Some therapists do tell their clients that they have this side (part) of their self or another, others dont. some tell their clients as a way to get them to begin thinking about their self, their goals, their views about their self, others tell their clients what sides (parts) of their self they have because at that moment the client knowing is of more benefit to the client than harm, some dont tell their clients because they want their clients to discover their self on their own, some dont because they dont want the client just saying what ever they think the therapist wants them to say...
gosh theres so many different reasons why a therapist will or wont discuss a clients internal system, naturally occuring or otherwise. you will need to ask your therapist why he told you and whether its wrong for them to do so for you.

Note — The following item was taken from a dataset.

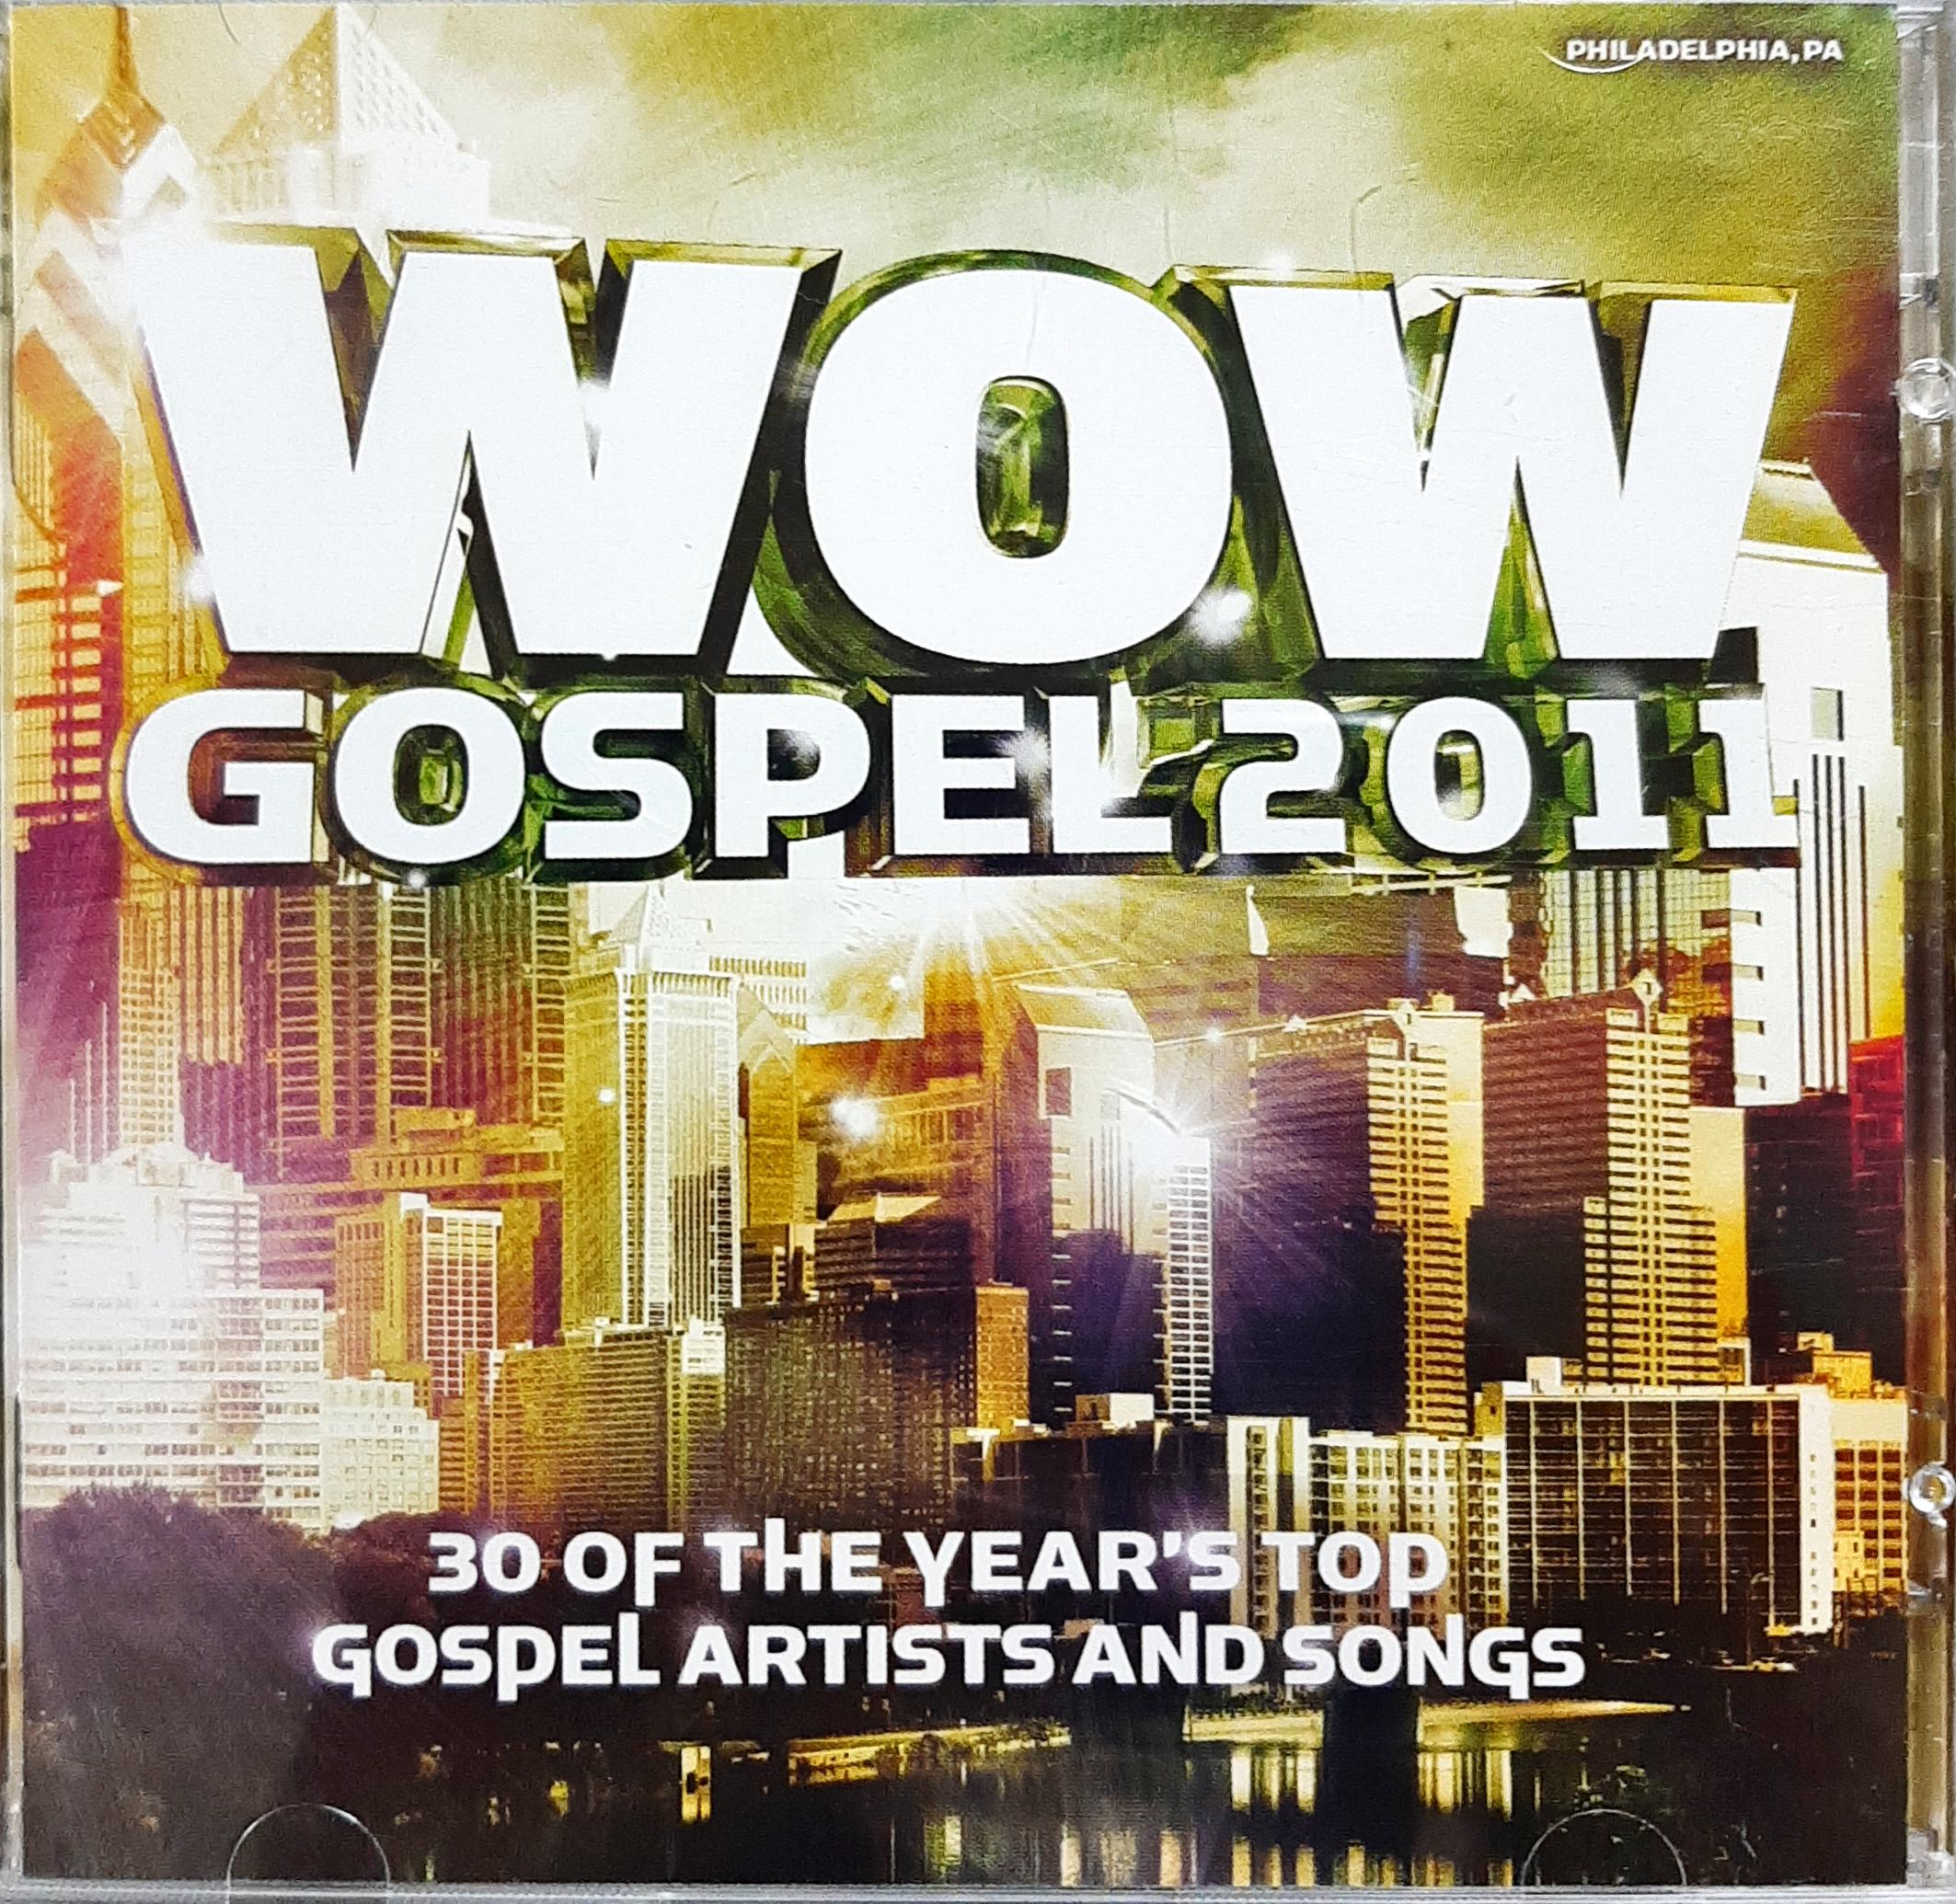 Wow Gospel 2011

me sometimes my therapist told me other times I discovered the parts/sides of me on my own. no I never had any parts/sides of me that I either rpretended or didnt really exist. come to think of it I dont think I ever faked anything to do with health to please anyone just because they say it. Im usually the one that is saying nope thats not me, thats not how I am. and never tried to live up to how people said I had to be. sometimes i think my being a lesbian was a driving force for me. where all my friends were trying to compete with each other and be the same as each other I always knew I was different and never tried to be like them.when a friend told me doesnt so and so look great. I said I think you think he's cute and my friends would laugh and say the right one will come along for you too, your just slow or something. and Id say yea something like that. no body ever expected me to compete or be like them, that kind of thing just wasnt done where Im from. everyone was able to be their self. sometimes I miss the simplistic life of the mountains. friends accepted you, you knew who your enemies were and doctors treated the symptoms not make you feel like you need to fake something to fit in with what they want. ok Ill stop rambling now lol.